- Born: 15 June 1970 Ibadan, Oyo State, Nigeria
- Died: 11 January 2023 (aged 52) Nigeria
- Education: University of Ibadan (B.Sc., M.Ed., Ph.D.); University of Kent (Dip. Human Resources);
- Occupation: Professor of neurological physiotherapy
- Awards: Fellow of the African Academy of Sciences; Fellow of the Nigeria Society of Physiotherapy; Fellow of the Physiotherapy Postgraduate College of Nigeria; Fellow of the European Society of Neurorehabilitation; Fellow of the Institute of Management Consultants;

= Tal-hatu Hamzat =

Nigerian professor of neurological physiotherapy (1970–2023)

Tal-hatu Kolapo Hamzat (15 June 1970 – 11 January 2023) was a Nigerian professor of neurological physiotherapy at the University of Ibadan. He was the first African to become a professor of neurophysiotherapy and worked in the field of rehabilitation of individuals with post-central nervous system injuries, especially those with stroke and cerebral palsy. He was a fellow of several professional bodies and received many awards and grants for his research and academic work.

== Early life and education ==
Hamzat was born on 15 June 1970 in Ibadan, Oyo State, Nigeria. He attended the University of Ibadan, where he obtained a Bachelor of Science (Honours) degree in physiotherapy in March 1994. He continued his studies at the same university and earned a Master of Education (M.Ed.) degree in physiology of exercise in May 1998 and a Doctor of Philosophy (Ph.D.) degree in neurological physiotherapy in February 2001.

== Career and research ==
Hamzat began his professional academic career at the Department of Physiotherapy, College of Medicine, University of Ibadan on 23 August 2001 as a lecturer I. He was promoted to a senior lecturer on 1 October 2004 and to a professor of physiotherapy on 1 October 2009. He was the second person to deliver an inaugural lecture as a professor of physiotherapy at the University of Ibadan on 6 February 2014, titled "From ward to ward: The neurophysiotherapist as a returning officer". He served as the head of the Department of Physiotherapy from 1 August 2014 to 31 July 2018.
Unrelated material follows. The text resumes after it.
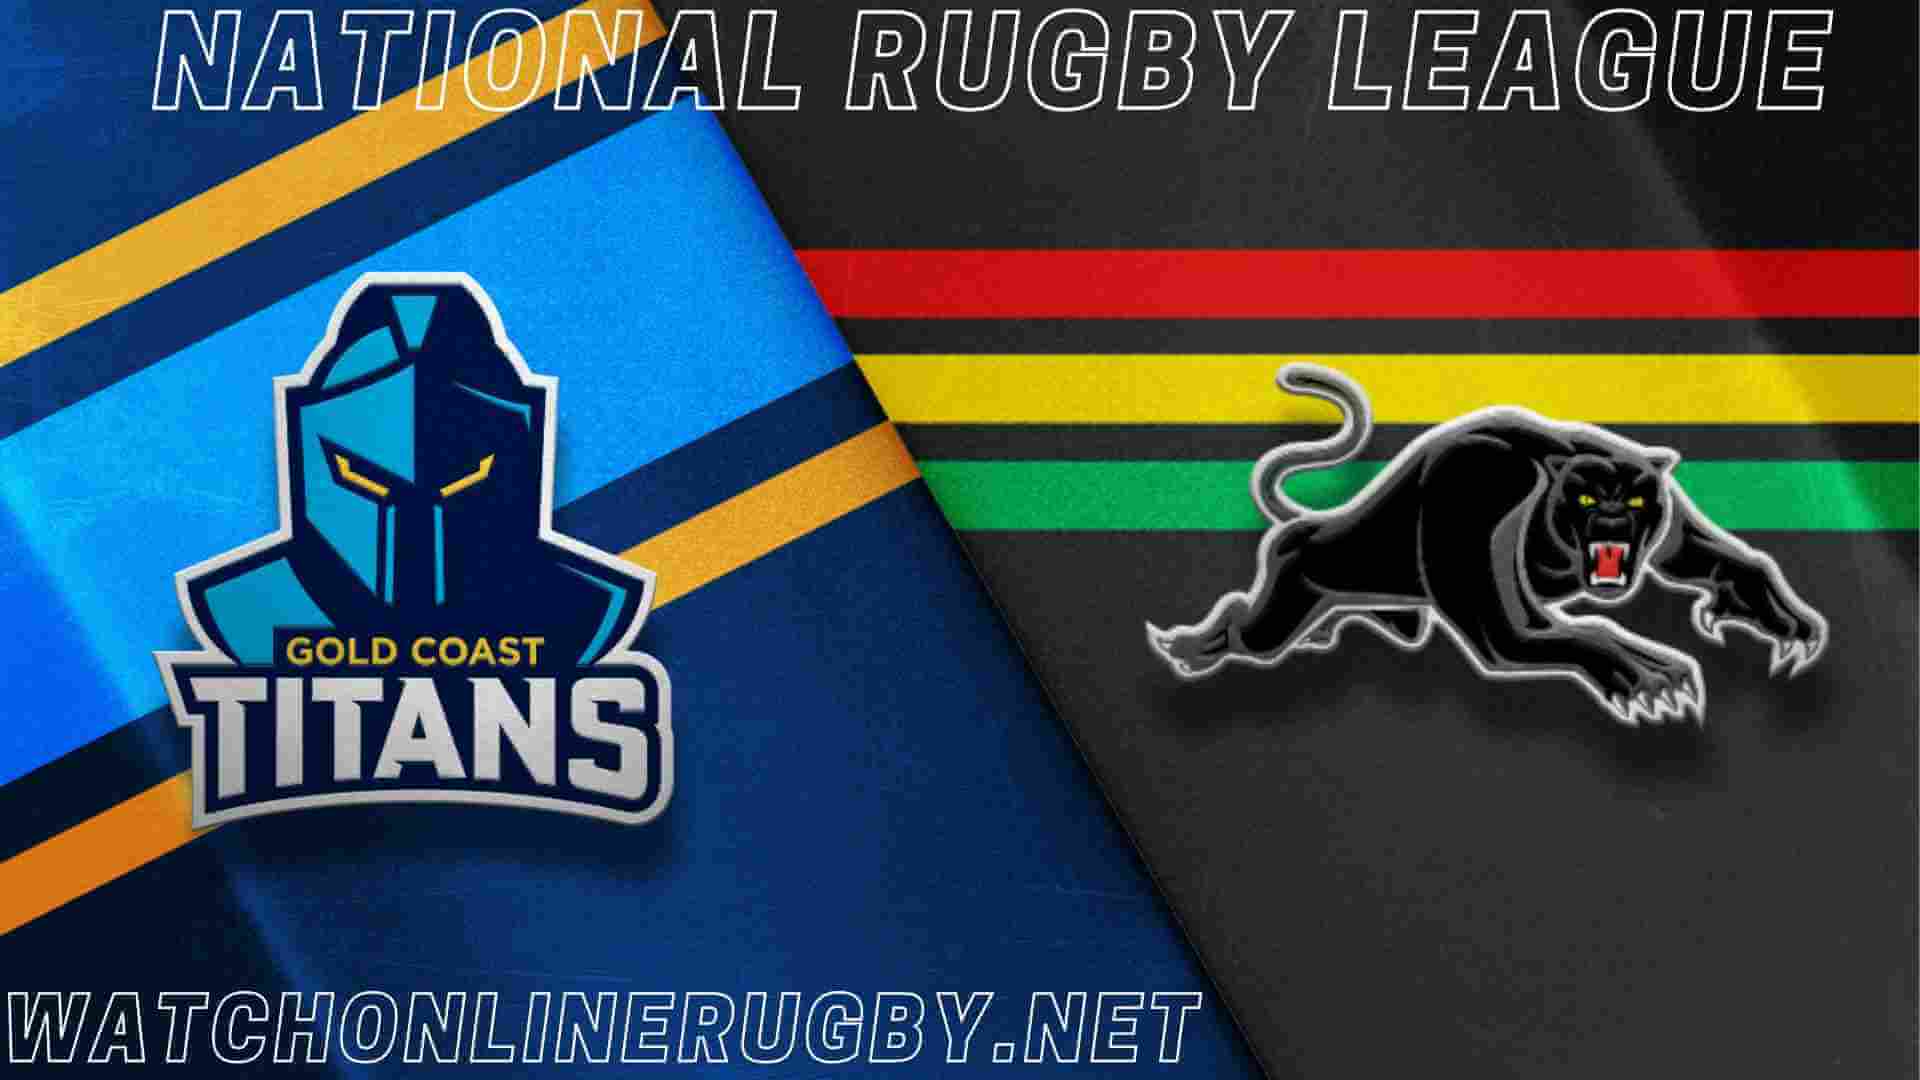 Titans VS Panthers 2018 Live NRL Streaming

Hamzat's research focus was on the rehabilitation of individuals with post-central nervous system injuries, with a bias in stroke and cerebral palsy. He developed and validated several assessment tools and intervention protocols for the management of these conditions. He also conducted studies on the epidemiology, risk factors, prevention and outcome of stroke and cerebral palsy in Nigeria. He published over 100 articles in peer-reviewed journals and several book chapters. He also edited two books: Stroke Rehabilitation: Insights from Neuroscience and Imaging and Cerebral Palsy: Challenges for the Future. He was a reviewer and editorial board member of many national and international journals. He supervised and mentored many undergraduate and postgraduate students, as well as junior colleagues.
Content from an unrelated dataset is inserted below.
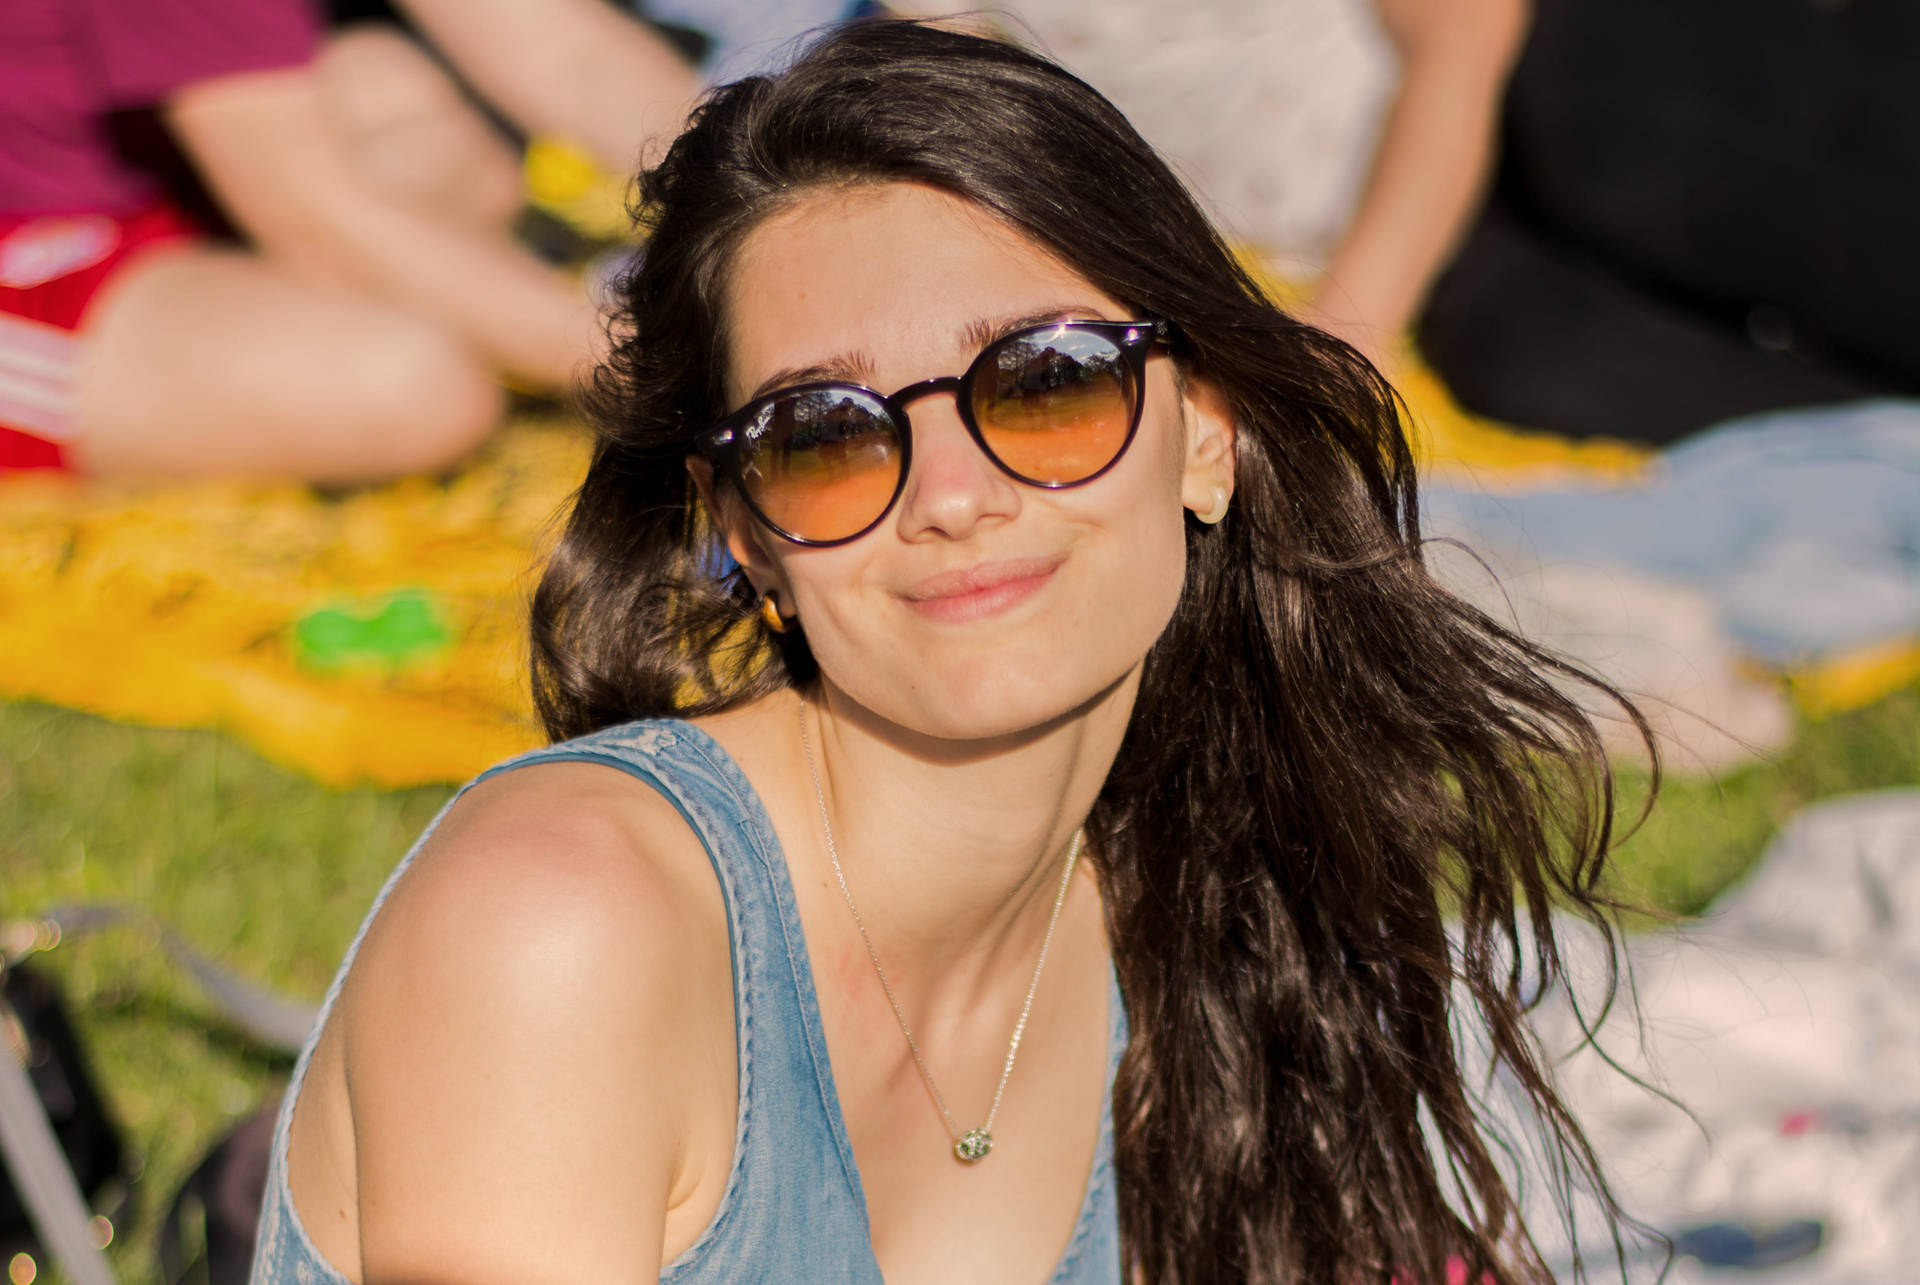 Italian Girl Wearing Sunglasses Outdoors Picture

Hamzat was a fellow of several professional bodies, including the African Academy of Sciences, the Nigeria Society of Physiotherapy, the Physiotherapy Postgraduate College of Nigeria, the European Society of Neurorehabilitation, and the Institute of Management Consultants. He was also a member of several international organizations, such as the World Confederation for Physical Therapy, the World Federation for Neurorehabilitation, the International Society of Physical and Rehabilitation Medicine, and the International Society for the Study of the Lumbar Spine.

== Personal life and death ==
Hamzat was married and had children. He was a Muslim. He died on 11 January 2023 in Nigeria. He was 52 years old.